At C’s end of the room, he’s swapped with her, remember, I recognize a scene from The Third Man on the screen. Maybe that’s what’s been playing all along. Holly Martins rounds the pillar of the fairground again and again on a loop as the ferris wheel turns.

When I turn back to her, she’s not there. At some point she is, and they exchange sides of the room again, again they don’t meet. He retreats when she approaches.

It must then be around 1959. Max Fisch has entered her life, then the anti-Semitic and shallow review of Sprachgitter by Günther Blöcker that so hurt Celan. Their letters tell the story of her being away when C needed her and of his anger at her for what Fisch wrote, unsympathetically, about the review. She asks him to “fill in the gaps” in what she writes.

I suppose you have seen the announcement for the play. It includes “Through their letters, the two attempted to come to terms with the horrors of war and to understand how poetry is possible after Auschwitz.” If so in the letters, not in the play. While there is a lot of talking about language and poetry, they speak out of themselves, not invoking the recent history, which of course is in them. But I found the blurb, which is also on the program, to be misleading and limiting.
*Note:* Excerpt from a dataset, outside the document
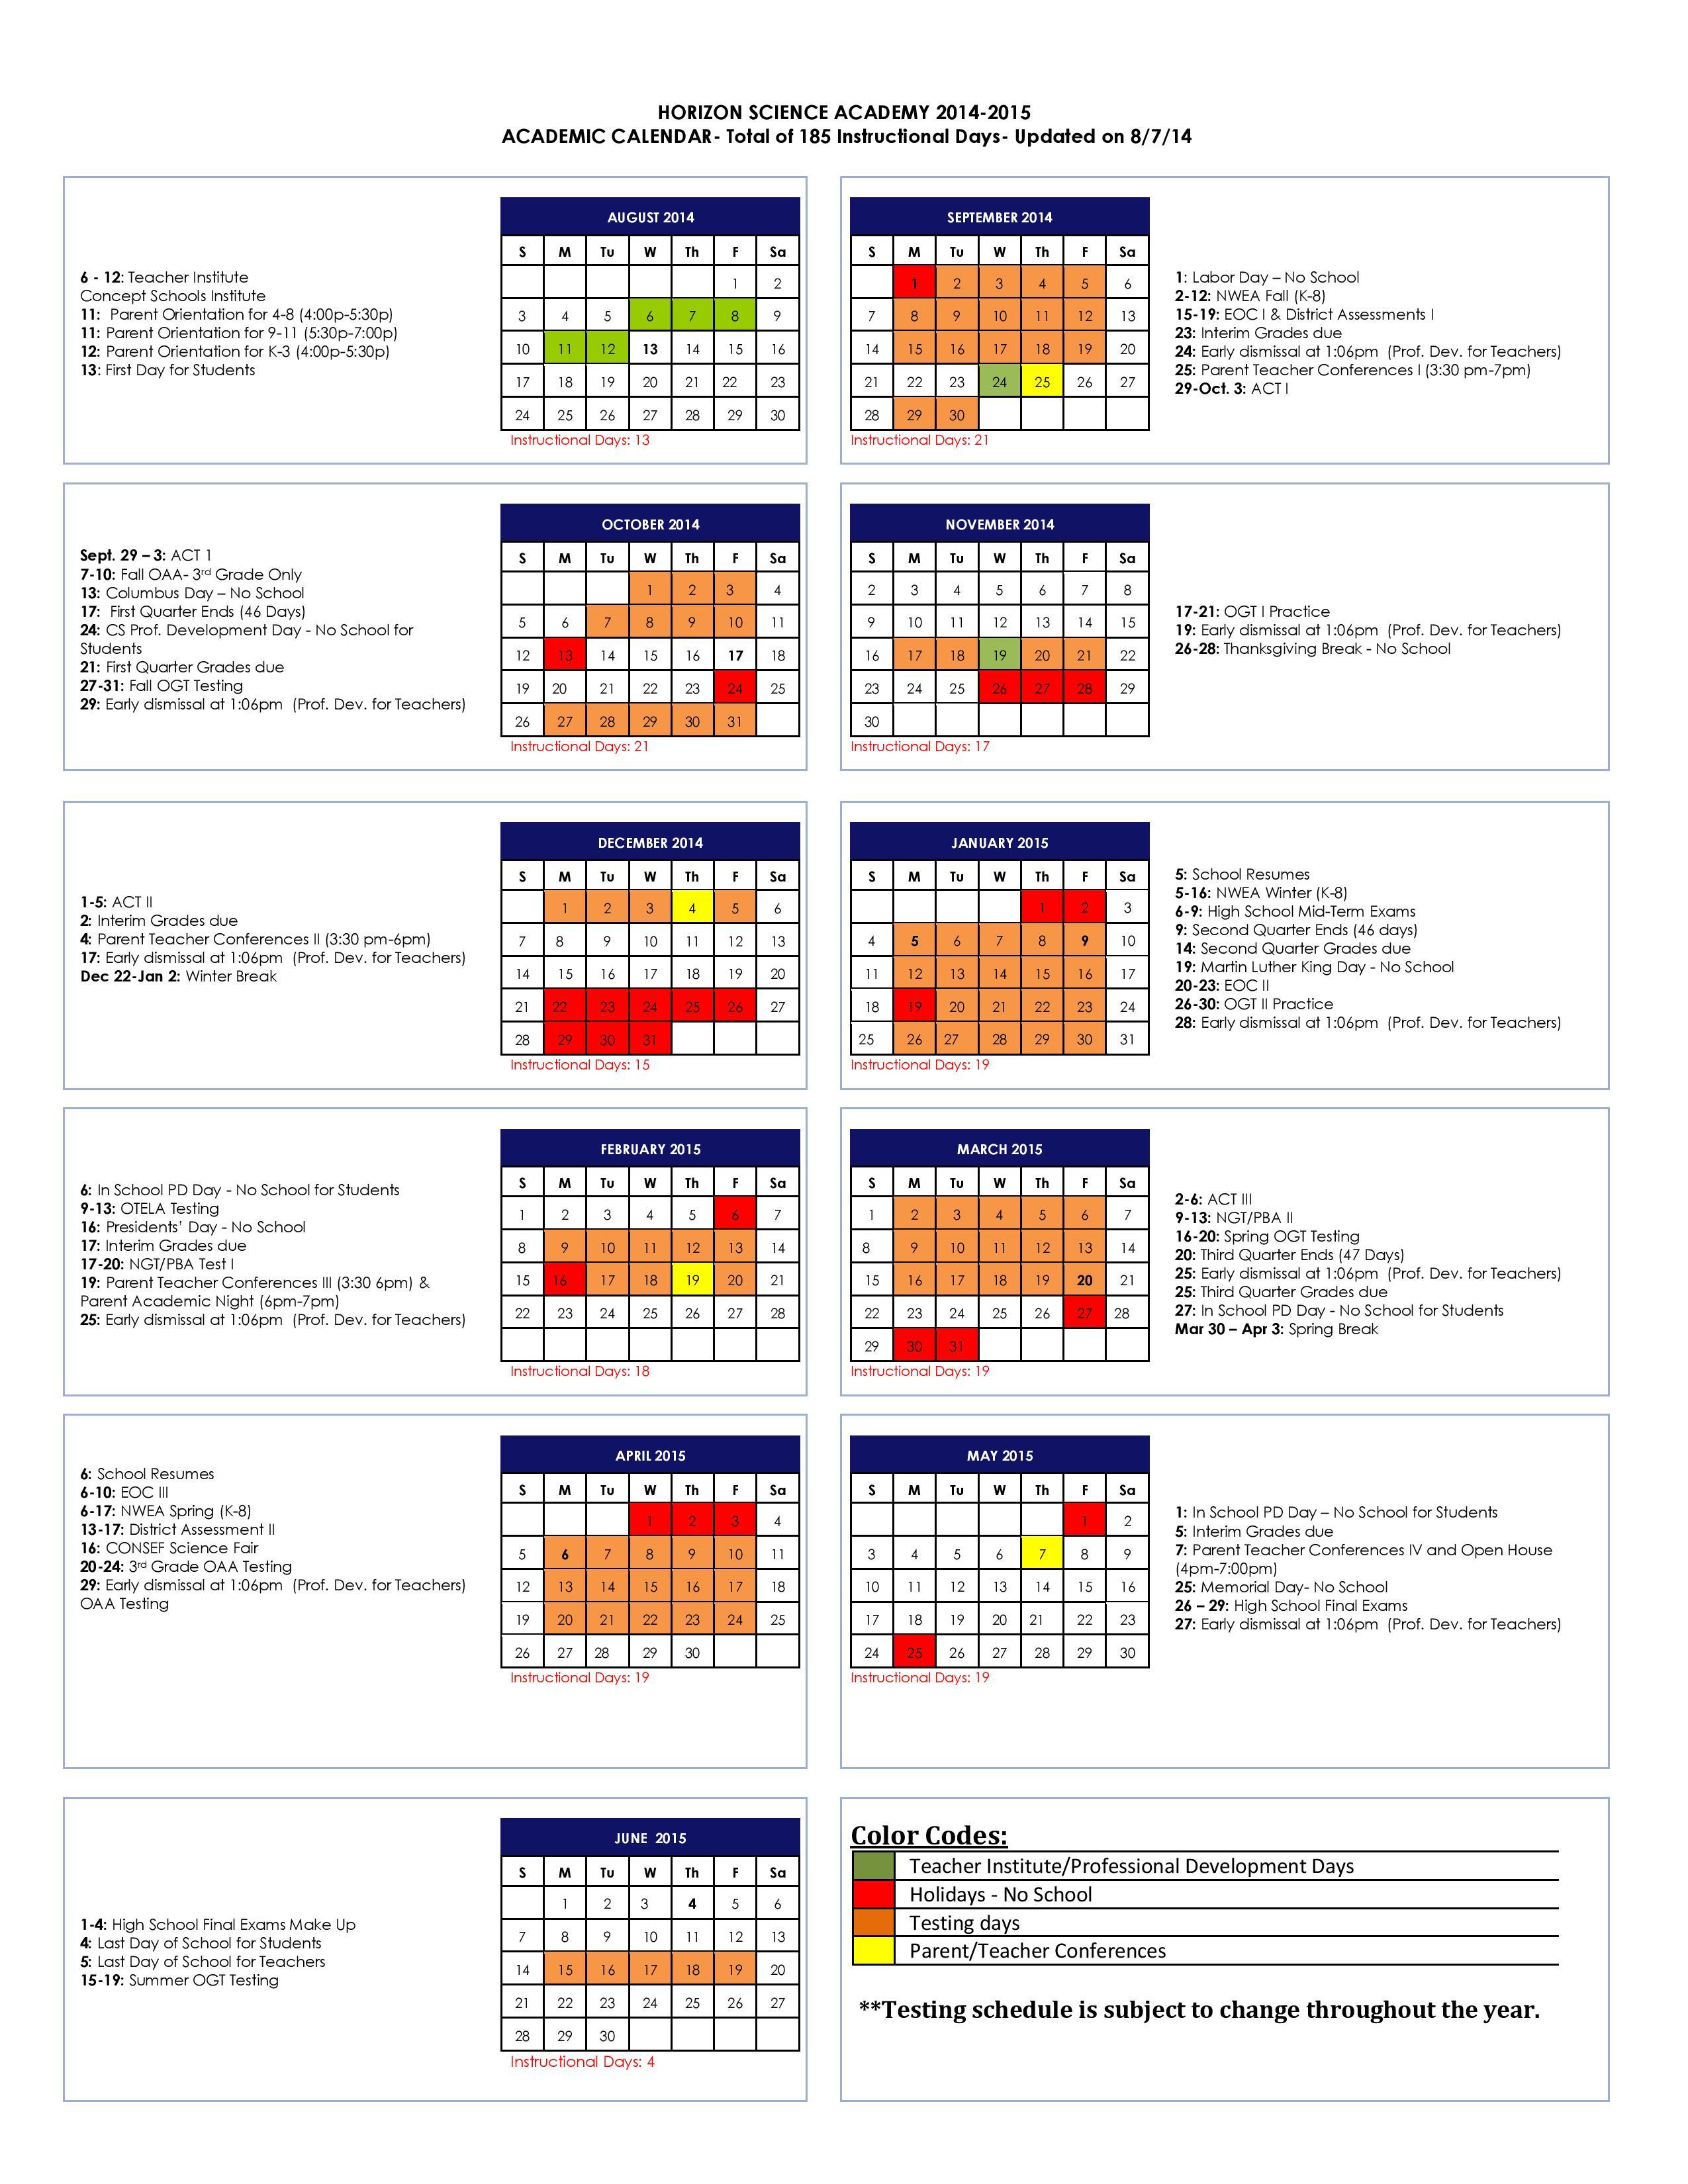 Calendars – Hsa Lorain Charter School (K 12)Concept Schools With Regard To Case Western Reserve University Academic Calendar

I mean, where is one to look? To history and great events that overshadow, it can seem, individuals? To individuals, who, do you know what I mean, Bill, seem to me finally to be why the great events are great? So when B reads from her letter, “this language in which I no longer have any faith . . . in which I no longer want to express myself,”—this when she is getting recognition for her work, the recognition that led her on tour so that she missed his letter about the review—this difficulty of a single Jew and a single non-Jew with poetry, language, and love is not only after the Holocaust, it is personal to each of them and shared between these lovers, and is not less for that than After Auschwitz, How? and Why?
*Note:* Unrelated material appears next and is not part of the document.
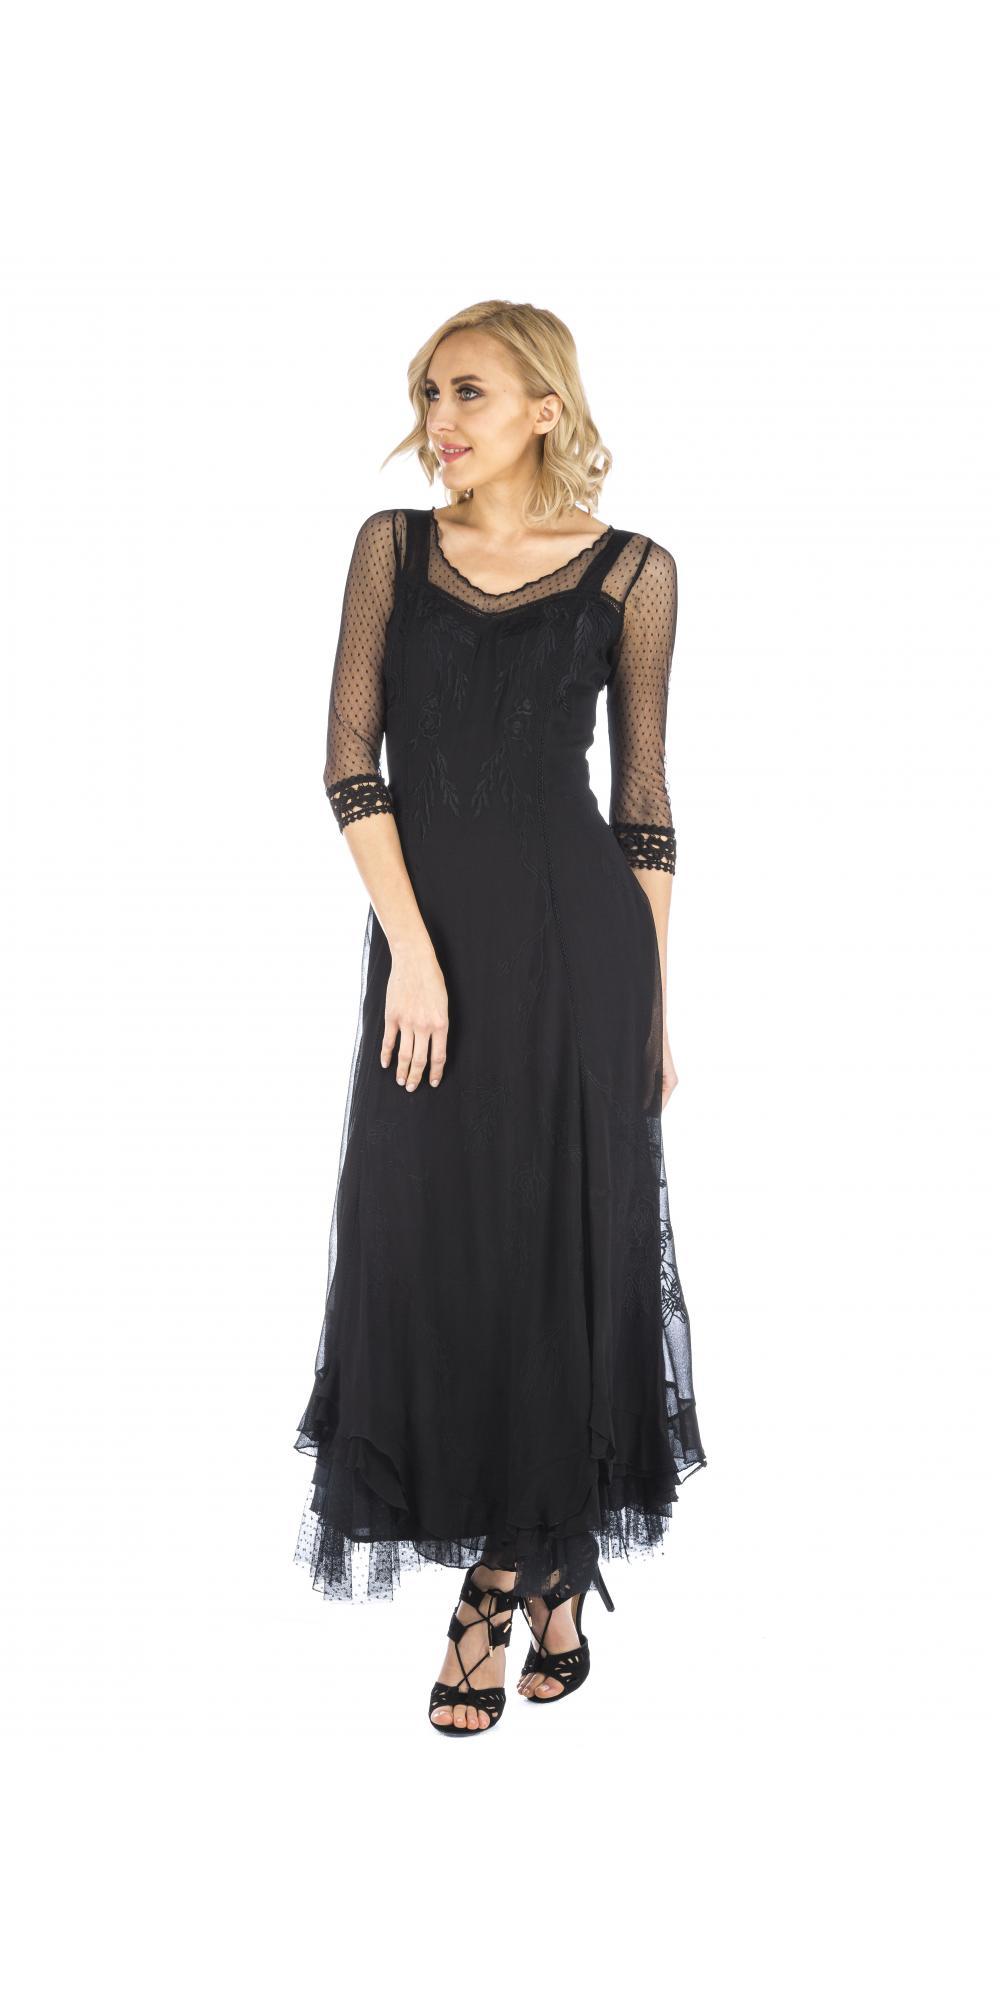 Black Style Wedding Dress

C tells her not to write to him again.

Han Peter Cloor (director of let us find the words), Detlfe Gericke-Schönhagen (director of the Goethe-Institut Boston), Dominique Frot (Ingeborg Bachmann), Alexander Muheim (Paul Celan), Guy Ben-Aharon (Co-Founder of German Stage), Annette Klein (Program Coordinator at the Goethe-Institut Boston). Photo: Maria Mathias/Goethe-Institut Boston

She has one last letter to read. She walks towards his end (now at the screen). The cardboard boxes and the chairs and low tables are almost a solid mass. She is so thin, Bill, so frail and with her heels it is no wonder her navigation is uncertain. She is angry and lets him know that she, too, is a poet. She tells him, too, but when I looked, I couldn’t find him, she tells him, too, “you want to be the victim, but it is incumbent on you not to be.”

Here, without imposing on the lives of the poets, the artistry in his having left the stage is almost his part in a pas de deux; her part is coming towards where he had been as she tells him not to vanish. She finished her letter, and it was over. Lights Down.

Then, the silence that the best art can create. Then long applause, drinks and food, and talk. Everyone from the Institut was lovely and, it was clear, as moved by the performance as the rest were. Autographs for me from Alexander Muheim and Dominique Frot.

Thank you Bill for the assignment. Wish you could have seen it. Because you didn’t, I tried to re-view it for you and bring you along.

Marcia


Marcia Karp has poems and translations in Free Inquiry, Oxford Magazine, The Times Literary Supplement, The Warwick Review, Ploughshares, Harvard Review, Agenda, Literary Imagination, Seneca Review, The Guardian, The Republic of Letters, and Partisan Review. Her work is included in these anthologies: Penguin Books’ Catullus in English and Petrarch in English; Joining Music with Reason: 34 Poets, British and American, Oxford 2004-2009 (Waywiser); and The Word Exchange: Anglo-Saxon Poems in Translation (Norton).